The talk by Habib Dagher, the founding executive director of the University of Maine’s Advanced Structures and Composites Center, was hosted by the Jesup Memorial Library and A Climate to Thrive.
In the 25 years since Dagher and a few colleagues founded the UMaine Composites Center, the work there has led to more than 50 patents and 10 spinoff companies. Of the 2,500 students who have been involved in the center’s research, all have graduated with at least one job offer.
The launch last year of the world’s largest 3D-printed boat, a 25-foot, 5,000-pound patrol vessel, got a fair amount of attention, but Dagher described other projects of interest to the boatbuilding industry.
One is the MAKO, a high-speed interceptor vessel for the U.S. Navy Seals. The all-composite hull, the first in the Navy’s fleet, was designed to address the problem of shock loading in the previous aluminum hull — 10-20 G’s (gravity accelerations) as the boat crashed through waves at speeds of over 50 knots.
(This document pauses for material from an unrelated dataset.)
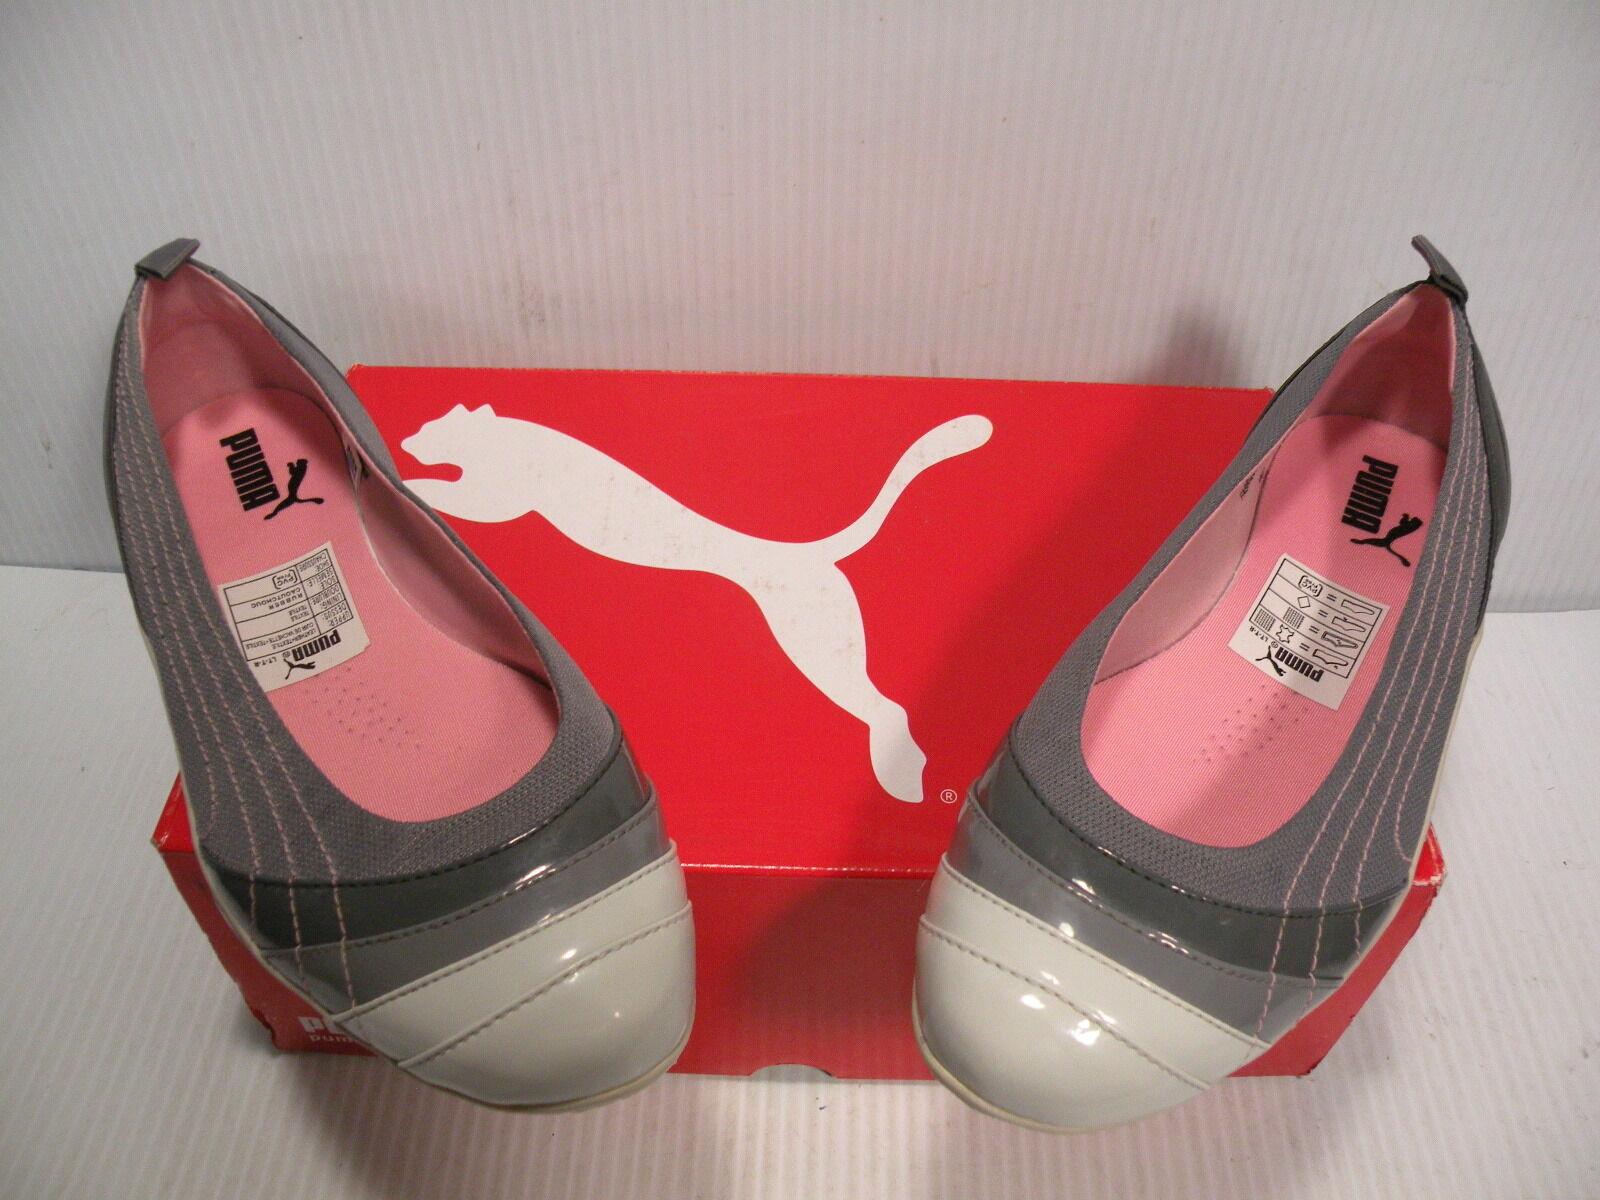 PUMA GINZA DORI LOW scarpe scarpe scarpe da ginnastica donna scarpe grigio bianca 344012-03 Dimensione 7 NEW dcd0ea

The MAKO was designed in partnership with Hodgdon Defense Composites is East Boothbay. Its composite sandwich structure, Dagher said, significantly reduces the shock loading.
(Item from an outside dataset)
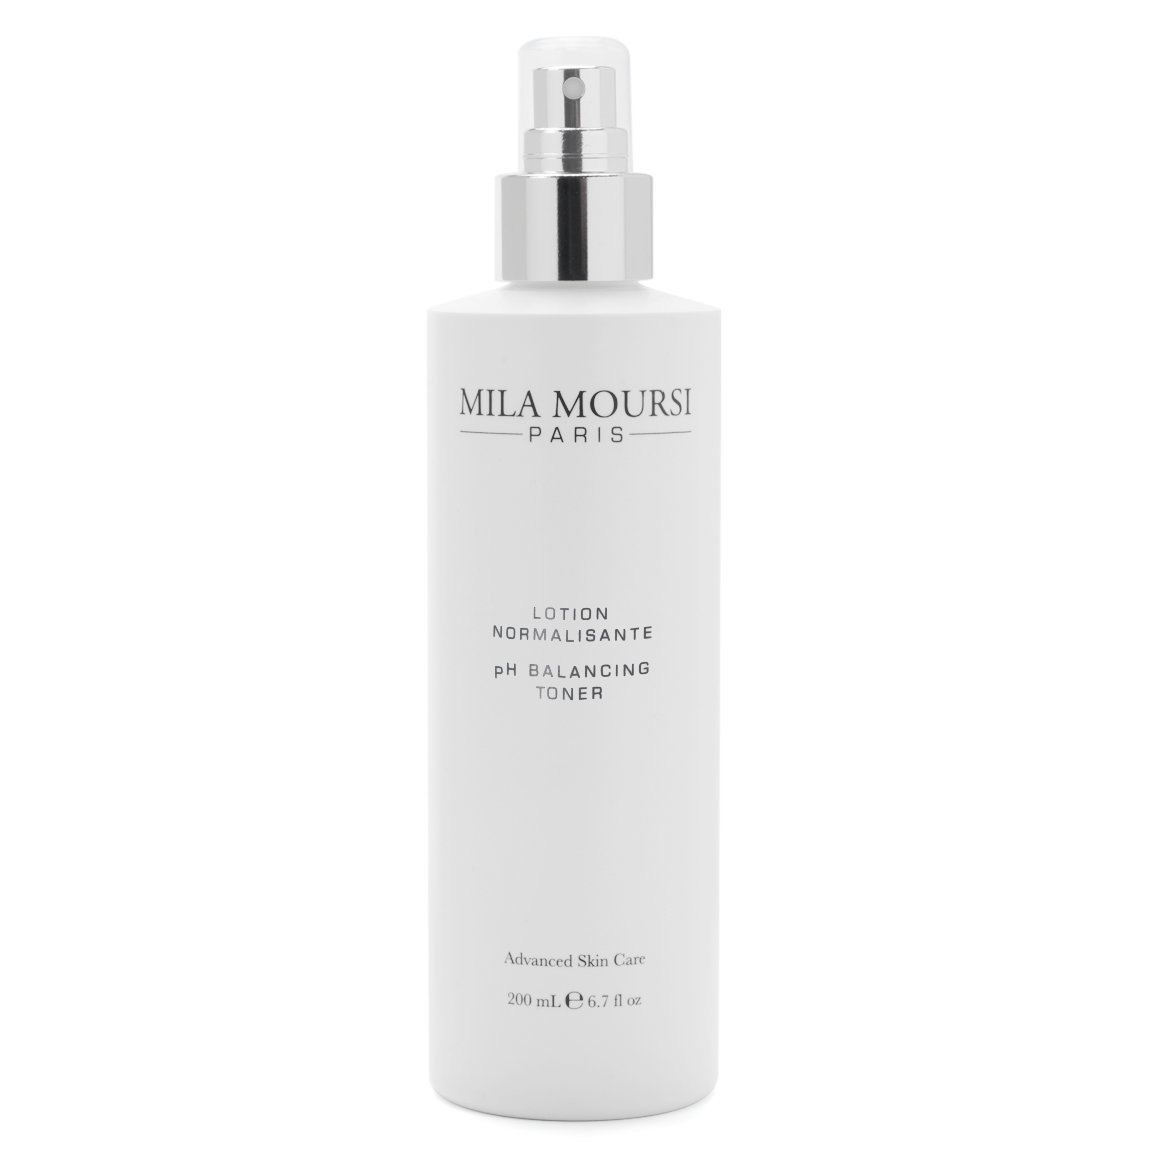 Mila Moursi pH Balancing Toner 200 ml product swatch.

“The first thing a boatbuilder has to do before building a boat is build a mold for it,” Dagher told the group. The Composites Center began exploring 3D printing molds for parts of boats with a roof for a “limo tender” by Hodgdon Yachts. “Over the next year we’re looking at printing a mold for a whole boat,” Dagher said.
One usually thinks of 3D printers as extruding plastics since wood in its natural state can’t exactly be convinced to change its shape. But the bio-based polymers the center is experimenting with include melted polymers filled with wood fibers and microcellulose (for comparison, nanocellulose is basically sawdust). In 20 years, they hope to be able to 3D print entirely with materials derived from wood.
The offshore wind energy work also has obvious connections to the maritime sector, as the floating concrete “hulls” that support the turbines are like boats, and they’re moored to the seabed.
Elsewhere in the country, Dagher explained, offshore wind turbines are built on solid structures that rest on the seabed. But the Gulf of Maine is so deep that “you can’t build a turbine all the way down to the seabed; it would be way too expensive.”
The mooring system for the offshore floating wind turbines were tested at this W2 wind-wave basin at the center’s ocean engineering lab. The forces recorded by load cells on the one-eighth scale prototype deployed off Castine were very close to what were predicted by the models in the lab.
And as far as tipping over in high winds and waves goes, the researchers could extrapolate from the one-eighth scale model how the full-size turbines will react to proportionally bigger waves. That is, they measured the size of the waves relative to the size of the tower to see what happened to it. In what would, for a full-size tower, be a 500-year storm kicking up 70-foot waves, Dagher said, the tower moved seven degrees off vertical.